Natural do interior do Piauí, Maria das Graças chegou ao Ceará aos sete anos de idade. Desde então, permaneceu na residência dos empregadores, dedicando praticamente toda a vida aos serviços domésticos. Segundo a investigação, durante décadas ela não recebeu salário, não constituiu patrimônio e viveu em uma relação de completa dependência financeira e emocional.

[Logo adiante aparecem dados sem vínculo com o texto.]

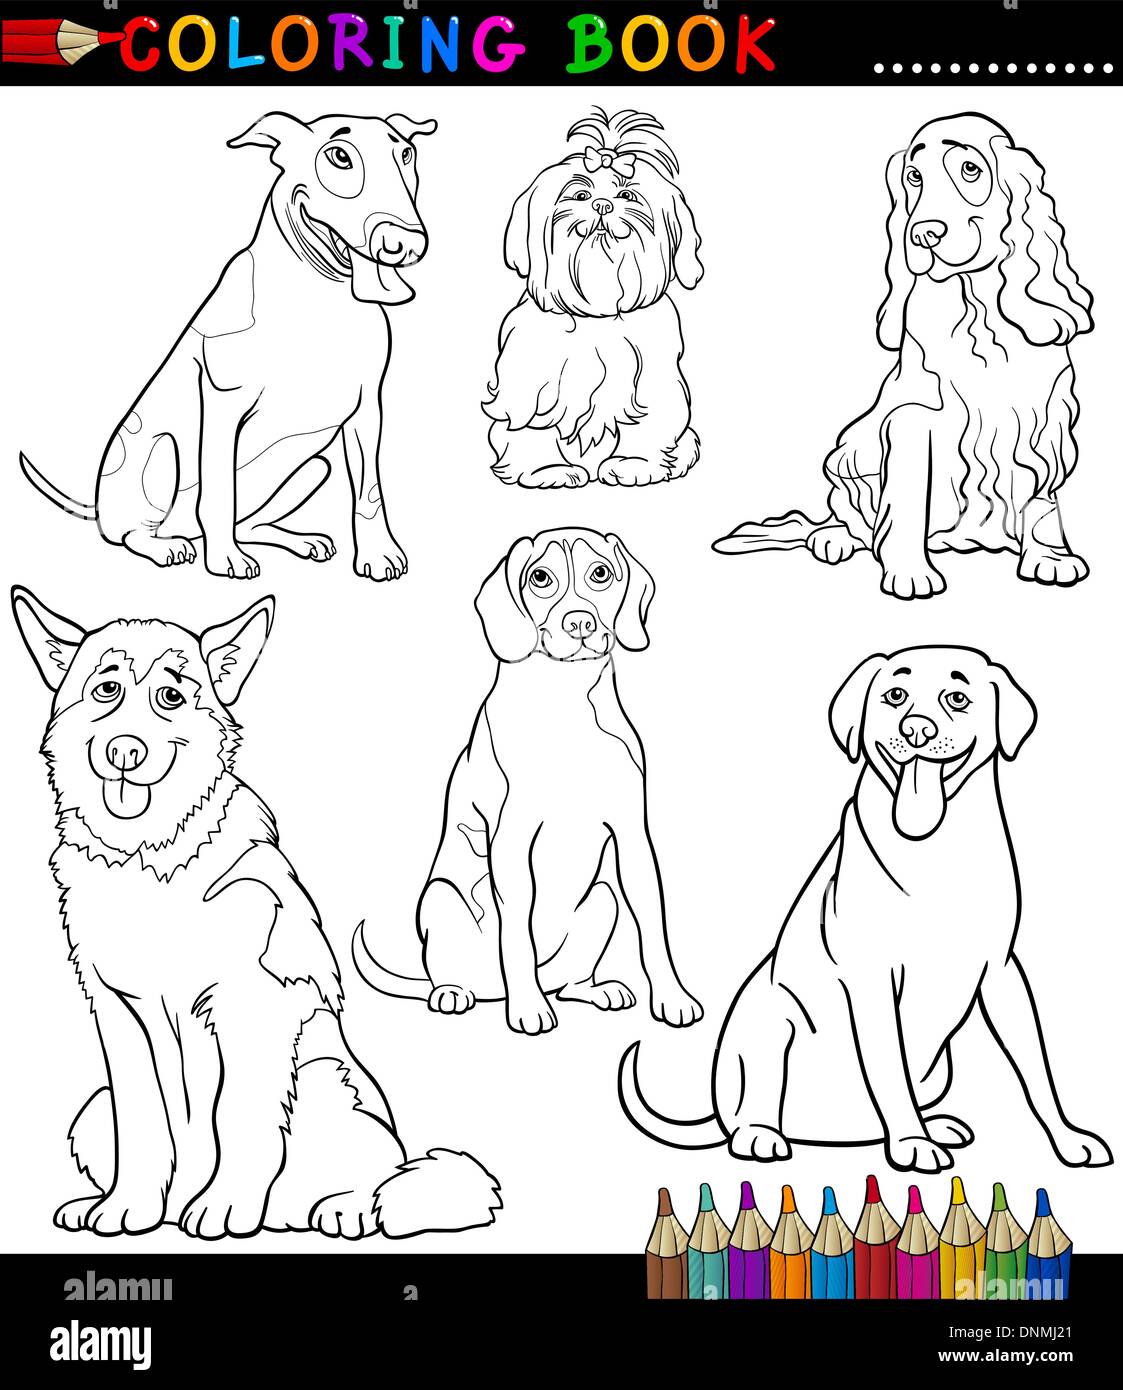 Coloring Book or Coloring Page Black and White Cartoon Illustration of Funny Purebred Dogs or Puppies Stock Vector

Investigação aponta perda de autonomia
De acordo com os auditores-fiscais do trabalho, a trabalhadora não apenas desempenhava atividades domésticas sem a devida remuneração, mas também não possuía autonomia para tomar decisões sobre sua própria vida.
Embora tivesse alimentação, moradia e cuidados básicos, os órgãos responsáveis concluíram que a dependência construída ao longo de décadas limitava sua liberdade de escolha. A auditora responsável pelo caso chegou a definir a situação como uma “prisão sem grades”, em que o controle psicológico substitui qualquer forma de restrição física.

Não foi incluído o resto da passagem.